◆ **Data**:
>>>>>
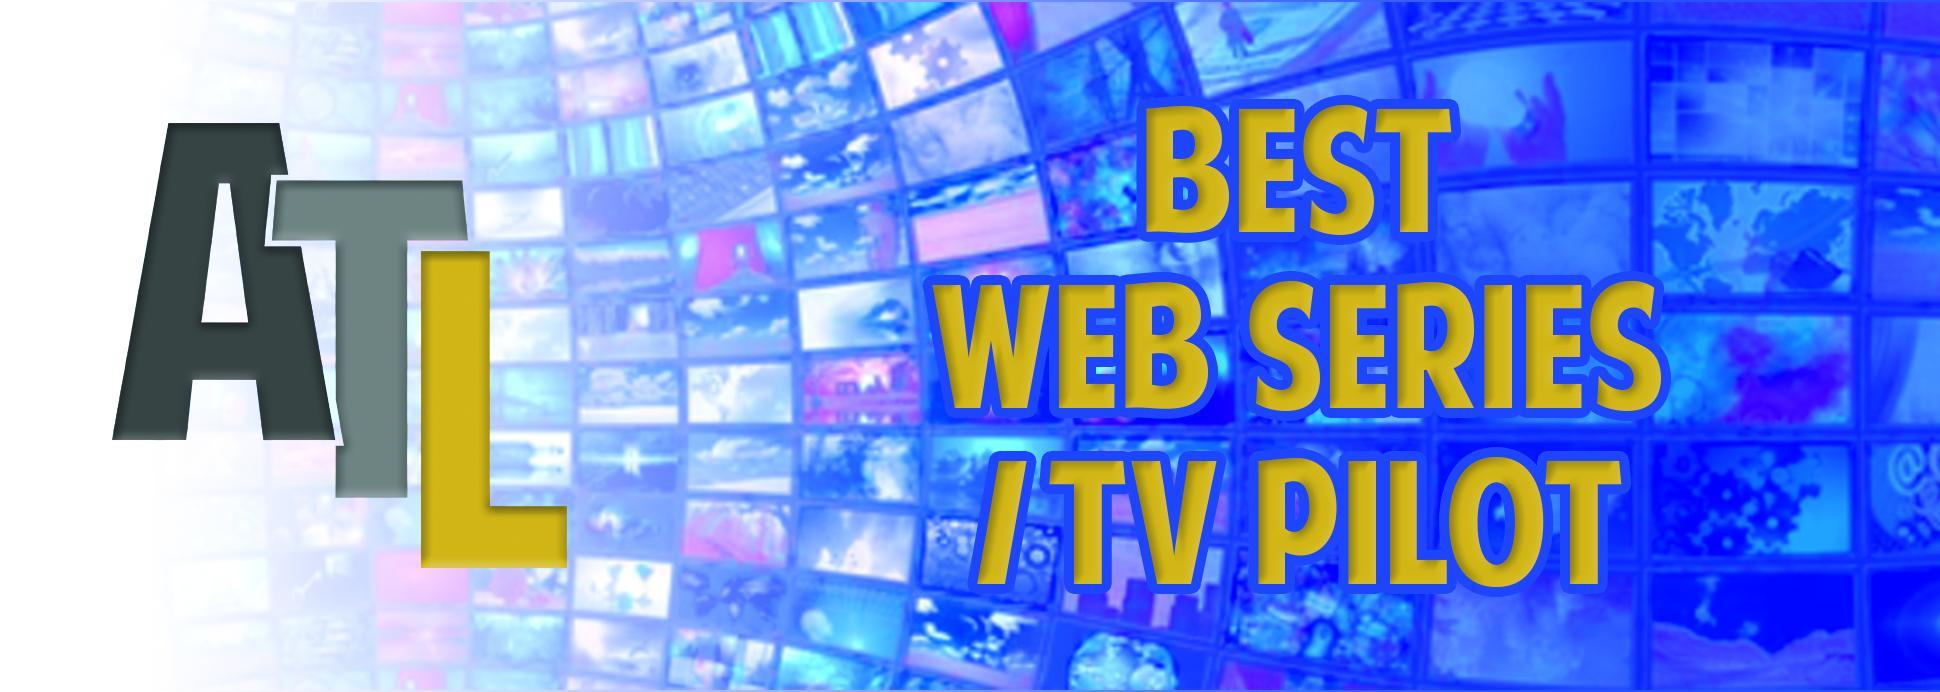 Best Web Series/TV Pilot
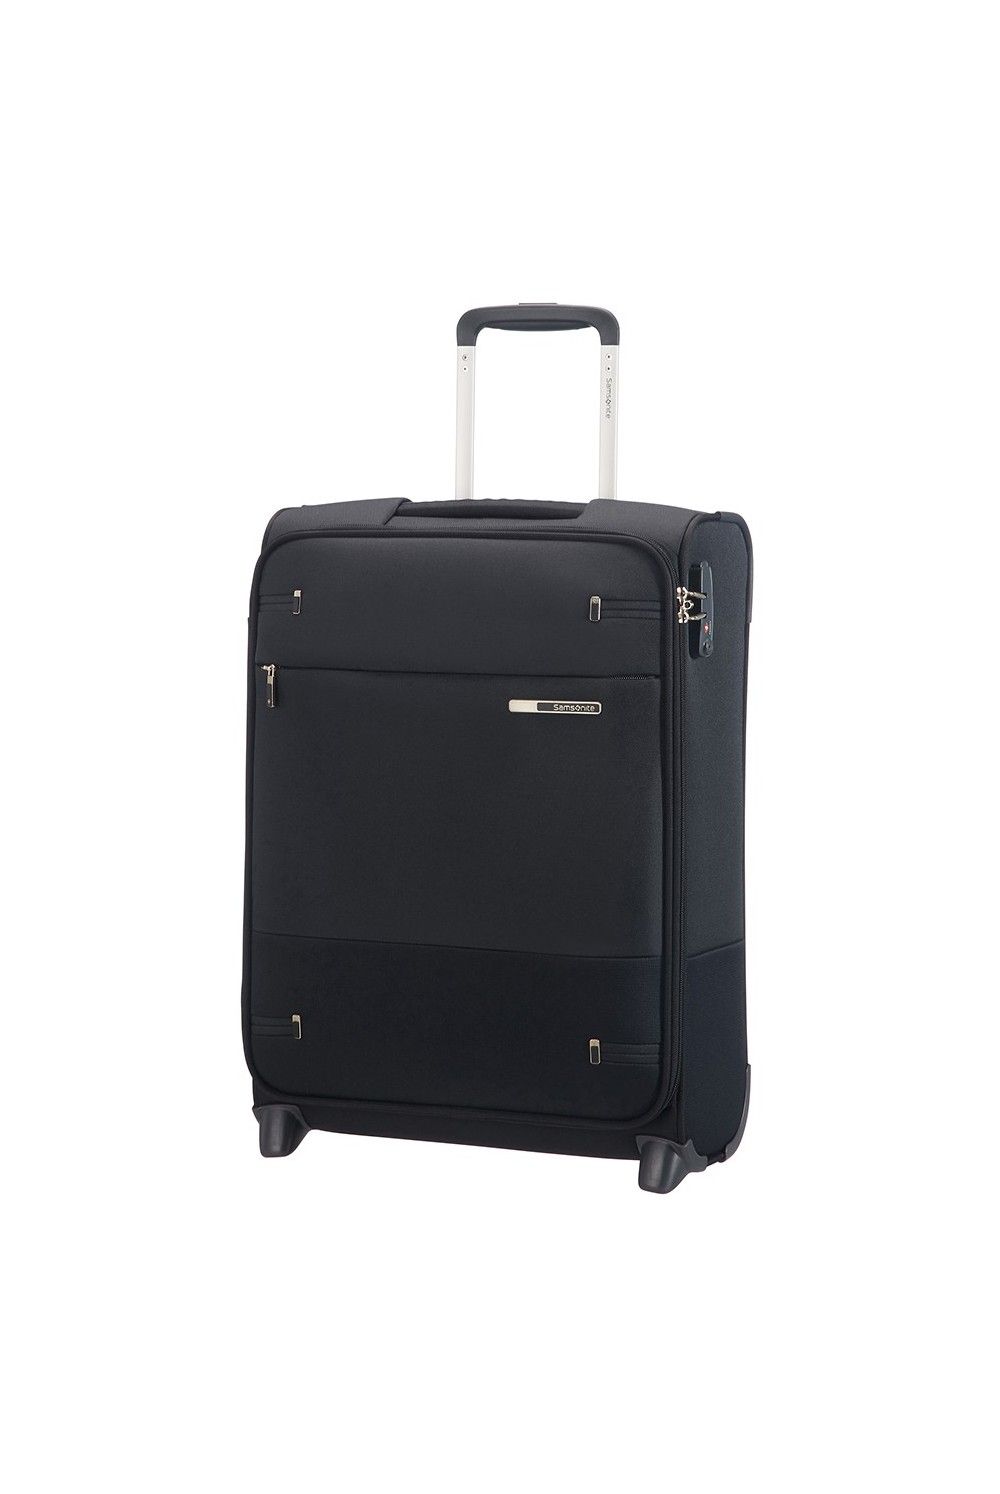 Samsonite Base Boost 55 2 wheel hand luggage
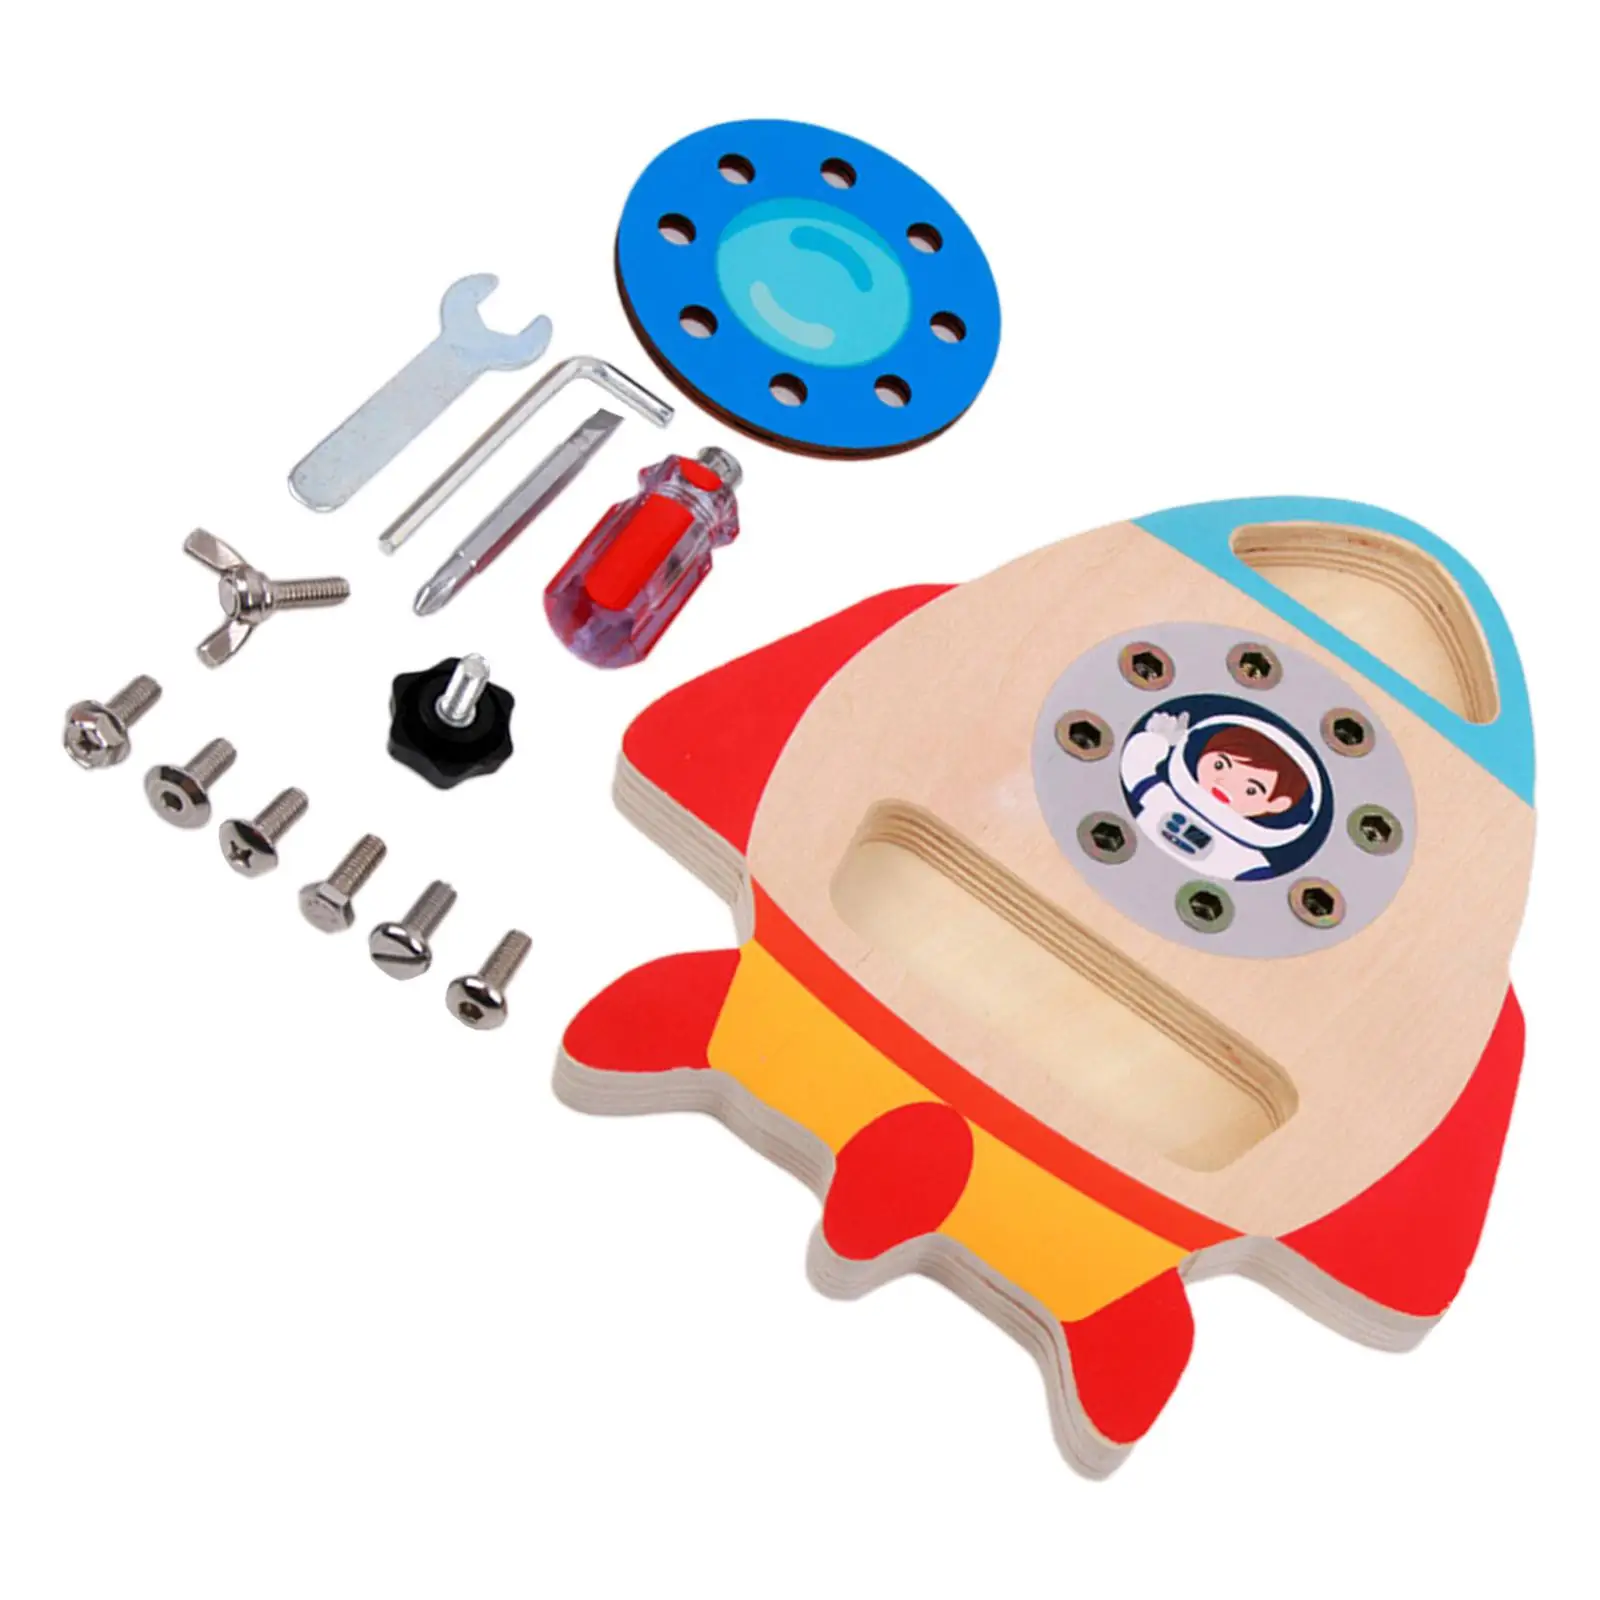 Montessori Screwdriver Board Set Toy Wooden Screwdriver Activities Tools for Boy Children Toddlers
<<<<<
◆ **Action item**:
Restate all of the material word for word. Keep out every picture.

◆ **Solution for this problem**:
 Best Web Series/TV Pilot
 Samsonite Base Boost 55 2 wheel hand luggage
 Montessori Screwdriver Board Set Toy Wooden Screwdriver Activities Tools for Boy Children Toddlers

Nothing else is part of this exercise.